08.03.22
Webinar Recap: Changes Ahead: IRS Surprises With RMD Interpretation
by: BISA Staff
In February 2022, the IRS finally released long-awaited proposed regulations on the Setting Every Community Up for Retirement (SECURE) Act passed by Congress and signed into law more than 2 years ago.
Although these regulations are proposed and subject to change, they provide guidance and clarification on many of the new lifetime and post-death required minimum distribution (RMD) rules enacted by the SECURE Act. It may benefit you to know the key terms identified throughout the proposal to further understand, and plan for the regulations proposed.
On July 19, BISA hosted a webinar, Changes Ahead: IRS Surprises with RMD Interpretation, with speaker Laird Johnson, CLU®, ChFC®, senior director of advanced markets at Equitable Distributors, who summarized the findings from the IRS' proposed regulations that revise the existing required minimum distribution (RMD) regulations and other related regulations. Below is a high-level review of the webinar content.
Missed the live webinar? Watch the recording on demand. Access to BISA webinar recordings is complimentary for all BISA Members.
Regulation vs. Proposed Regulation

Change in RBD Impacting RMD
The IRS has officially changed the required beginning date (RBD) – from the age of 70.5 to 72. This is the age at which an IRA owner, a 401k participant or a profit-sharing participant would typically have to start taking their RMD from their accounts. [SK1] The RBD age started at 70.5 dating back to the mid-1980s; however, as people are proven to live much longer than they did 40 years ago, Johnson asserted that it made sense that the RBD were to be moved back.
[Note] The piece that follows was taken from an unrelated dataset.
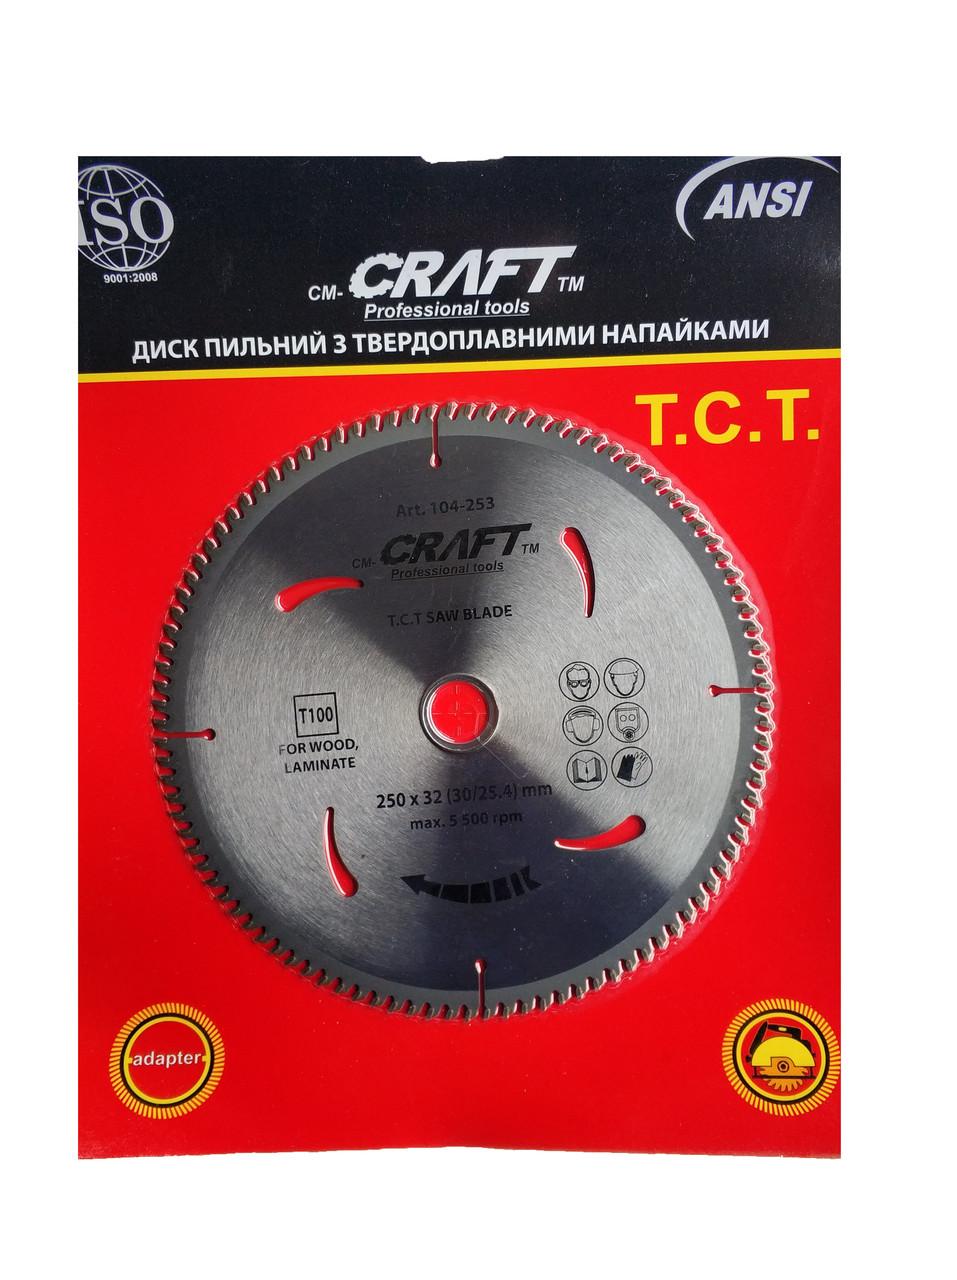 104253 Диск CRAFT пильний ТСТ 250*32(30/25.4)мм*100Т для ламинату та деревини

In addition to this age adjustment, the IRS also introduced the 10-year rule for certain IRA beneficiaries. The only requirement is that the account is officially liquidated after the 10th year of the death date of the account. This allows any fluid distribution between years 1-9, and after the 10th year, you must withdraw the entire balance of the IRA (by December 31), and then the account will be inactivated.
- EX: Death of IRA owner in 2022 would require full liquidation of the IRA by the beneficiary by end of 2032
Impact of RBD on IRA Beneficiaries Post-SECURE Act
Stretch Options for Non-EDB's
Questions That Will Determine Beneficiary Options:
When did our IRA owner pass away?
- Pre-SECURE Act or Post-SECURE Act (2020)
How old was the IRA owner when they passed away?
- Younger than 72 or older than 72
Stretch Rules for Eligible Designated Beneficiaries (EDB’s)
Designated Beneficiary: Any IRA-designated beneficiary who is not covered by the following:
- Surviving Spouse
- Clarified spouse age for RMD – not required to take RMDs until decedent would have turned 72.
- If the surviving spouse beneficiary passes, the remainder beneficiary's RMDs are based on default to the original owner's age.
- EDB’s can opt out of lifetime payments and into the 10-year rule.
- Minor Child
- Disabled Individual
- Safe harbor for disability definition
- Minor disabled beneficiary
- Deadline of documentation for disability: October 31 of the year following year of death
- Does not define documentation requirements
- Chronically Ill
- Deadline of documentation for chronic illness: October 31 of the year following year of death
- Defined in IRC Section 770B(c)(2) as unable to perform 2 or more activities of daily living for at least a "lengthy" period of time, as certified by a healthcare practictioner
- Not more than 10 years younger than the deceased individual
- Certain trusts that benefit the above

Impact on Roth IRAs
- Annual RMDs from inherited Roth IRAs are not required for beneficiaries subject to the 10-year rule.
- An inherited Roth IRA has flexibility within the 10-year period and completely avoids the new post-RBD RMD rules
- An inherited Roth IRA can grow tax-free for 10 years after death before any distributions are required.
- The implications of the proposed rules could mean more conversations to Roth IRAs moving forward.
Impact on Trust Beneficiary Rules
- Leave in place most "trust as beneficiary rules" from prior SECURE Act, including:
- See-through trusts
- Conduit and discretionary trusts
- Conduit trust beneficiaries can be disregarded for RMD purposes
- New regulations provide abililty to disregard certain beneficiaries for:
- Discretionary trusts
- Secondarybeneficiaries who can only inherit contingent upon death of another secondary beneficiary
- Beneficiaries set to receive distributions of retirement assets that are required to distribute to a minor before the end of the year that they turn 21
How This Impacts the Role of the Financial Advisor
The proposed regulations shared in February and elaborated on in the July webinar recording help to clarify the administration of inherited IRA and qualified plan (QP) assets. While it is important to remember that these changes are currently only proposed regulations, it gives a window to see what the IRS is moving toward – and, as Johnson shared, it is highly possible that finalized regulations will be shared by the end of 2022. This window provides an opportunity for financial advisors to review the trusts in their clients’ portfolios in advance of the final regulations being enacted. Proactive assessment and advice today will help build trust for tomorrow.